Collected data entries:
* * * * * * *

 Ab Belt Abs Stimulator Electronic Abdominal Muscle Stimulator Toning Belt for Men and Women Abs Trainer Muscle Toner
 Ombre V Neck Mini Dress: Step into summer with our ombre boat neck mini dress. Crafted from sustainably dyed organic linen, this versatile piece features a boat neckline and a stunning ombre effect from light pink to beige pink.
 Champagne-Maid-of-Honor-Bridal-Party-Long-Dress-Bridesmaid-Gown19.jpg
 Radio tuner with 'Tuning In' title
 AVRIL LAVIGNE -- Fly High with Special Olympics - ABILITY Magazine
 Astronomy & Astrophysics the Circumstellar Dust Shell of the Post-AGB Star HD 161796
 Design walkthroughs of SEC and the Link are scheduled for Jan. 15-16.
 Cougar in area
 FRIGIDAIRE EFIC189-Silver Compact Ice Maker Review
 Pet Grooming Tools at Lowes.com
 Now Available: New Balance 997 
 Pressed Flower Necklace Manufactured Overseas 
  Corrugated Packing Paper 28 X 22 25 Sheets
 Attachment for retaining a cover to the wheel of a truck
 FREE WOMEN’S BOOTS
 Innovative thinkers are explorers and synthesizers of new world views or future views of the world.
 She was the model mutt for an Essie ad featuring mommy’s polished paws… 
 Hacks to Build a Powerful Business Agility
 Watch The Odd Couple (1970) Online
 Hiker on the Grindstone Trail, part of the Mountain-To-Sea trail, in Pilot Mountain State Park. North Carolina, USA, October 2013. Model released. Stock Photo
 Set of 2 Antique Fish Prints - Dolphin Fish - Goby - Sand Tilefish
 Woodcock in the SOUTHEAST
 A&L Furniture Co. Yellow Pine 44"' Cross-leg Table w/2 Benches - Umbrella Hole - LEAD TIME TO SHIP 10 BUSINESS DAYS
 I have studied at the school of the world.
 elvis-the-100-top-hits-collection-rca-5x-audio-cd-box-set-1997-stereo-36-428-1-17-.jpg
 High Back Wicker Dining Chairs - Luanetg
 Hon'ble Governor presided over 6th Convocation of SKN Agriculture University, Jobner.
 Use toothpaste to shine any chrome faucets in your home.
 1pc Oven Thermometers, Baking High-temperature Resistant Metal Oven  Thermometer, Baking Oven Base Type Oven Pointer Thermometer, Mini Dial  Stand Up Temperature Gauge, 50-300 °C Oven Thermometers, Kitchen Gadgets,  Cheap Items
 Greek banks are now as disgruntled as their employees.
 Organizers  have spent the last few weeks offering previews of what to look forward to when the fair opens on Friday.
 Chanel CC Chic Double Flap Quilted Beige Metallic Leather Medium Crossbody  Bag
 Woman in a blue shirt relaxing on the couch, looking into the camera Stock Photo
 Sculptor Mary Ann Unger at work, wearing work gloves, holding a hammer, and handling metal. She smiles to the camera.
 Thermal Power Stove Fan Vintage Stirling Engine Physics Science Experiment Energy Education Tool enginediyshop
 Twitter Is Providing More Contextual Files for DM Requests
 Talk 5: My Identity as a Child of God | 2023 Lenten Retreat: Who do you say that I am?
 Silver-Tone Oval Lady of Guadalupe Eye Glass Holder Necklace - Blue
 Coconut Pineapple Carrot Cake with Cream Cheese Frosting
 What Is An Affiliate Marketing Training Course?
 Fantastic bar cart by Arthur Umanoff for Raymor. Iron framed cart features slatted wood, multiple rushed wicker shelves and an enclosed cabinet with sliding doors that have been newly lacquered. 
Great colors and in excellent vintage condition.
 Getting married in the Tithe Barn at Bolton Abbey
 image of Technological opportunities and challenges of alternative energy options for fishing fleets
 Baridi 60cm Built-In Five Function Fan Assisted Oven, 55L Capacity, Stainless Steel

* * * * * * *

Down to the last line, copy the entries above exactly.

 Ab Belt Abs Stimulator Electronic Abdominal Muscle Stimulator Toning Belt for Men and Women Abs Trainer Muscle Toner
 Ombre V Neck Mini Dress: Step into summer with our ombre boat neck mini dress. Crafted from sustainably dyed organic linen, this versatile piece features a boat neckline and a stunning ombre effect from light pink to beige pink.
 Champagne-Maid-of-Honor-Bridal-Party-Long-Dress-Bridesmaid-Gown19.jpg
 Radio tuner with 'Tuning In' title
 AVRIL LAVIGNE -- Fly High with Special Olympics - ABILITY Magazine
 Astronomy & Astrophysics the Circumstellar Dust Shell of the Post-AGB Star HD 161796
 Design walkthroughs of SEC and the Link are scheduled for Jan. 15-16.
 Cougar in area
 FRIGIDAIRE EFIC189-Silver Compact Ice Maker Review
 Pet Grooming Tools at Lowes.com
 Now Available: New Balance 997 
 Pressed Flower Necklace Manufactured Overseas 
  Corrugated Packing Paper 28 X 22 25 Sheets
 Attachment for retaining a cover to the wheel of a truck
 FREE WOMEN’S BOOTS
 Innovative thinkers are explorers and synthesizers of new world views or future views of the world.
 She was the model mutt for an Essie ad featuring mommy’s polished paws… 
 Hacks to Build a Powerful Business Agility
 Watch The Odd Couple (1970) Online
 Hiker on the Grindstone Trail, part of the Mountain-To-Sea trail, in Pilot Mountain State Park. North Carolina, USA, October 2013. Model released. Stock Photo
 Set of 2 Antique Fish Prints - Dolphin Fish - Goby - Sand Tilefish
 Woodcock in the SOUTHEAST
 A&L Furniture Co. Yellow Pine 44"' Cross-leg Table w/2 Benches - Umbrella Hole - LEAD TIME TO SHIP 10 BUSINESS DAYS
 I have studied at the school of the world.
 elvis-the-100-top-hits-collection-rca-5x-audio-cd-box-set-1997-stereo-36-428-1-17-.jpg
 High Back Wicker Dining Chairs - Luanetg
 Hon'ble Governor presided over 6th Convocation of SKN Agriculture University, Jobner.
 Use toothpaste to shine any chrome faucets in your home.
 1pc Oven Thermometers, Baking High-temperature Resistant Metal Oven  Thermometer, Baking Oven Base Type Oven Pointer Thermometer, Mini Dial  Stand Up Temperature Gauge, 50-300 °C Oven Thermometers, Kitchen Gadgets,  Cheap Items
 Greek banks are now as disgruntled as their employees.
 Organizers  have spent the last few weeks offering previews of what to look forward to when the fair opens on Friday.
 Chanel CC Chic Double Flap Quilted Beige Metallic Leather Medium Crossbody  Bag
 Woman in a blue shirt relaxing on the couch, looking into the camera Stock Photo
 Sculptor Mary Ann Unger at work, wearing work gloves, holding a hammer, and handling metal. She smiles to the camera.
 Thermal Power Stove Fan Vintage Stirling Engine Physics Science Experiment Energy Education Tool enginediyshop
 Twitter Is Providing More Contextual Files for DM Requests
 Talk 5: My Identity as a Child of God | 2023 Lenten Retreat: Who do you say that I am?
 Silver-Tone Oval Lady of Guadalupe Eye Glass Holder Necklace - Blue
 Coconut Pineapple Carrot Cake with Cream Cheese Frosting
 What Is An Affiliate Marketing Training Course?
 Fantastic bar cart by Arthur Umanoff for Raymor. Iron framed cart features slatted wood, multiple rushed wicker shelves and an enclosed cabinet with sliding doors that have been newly lacquered. 
Great colors and in excellent vintage condition.
 Getting married in the Tithe Barn at Bolton Abbey
 image of Technological opportunities and challenges of alternative energy options for fishing fleets
 Baridi 60cm Built-In Five Function Fan Assisted Oven, 55L Capacity, Stainless Steel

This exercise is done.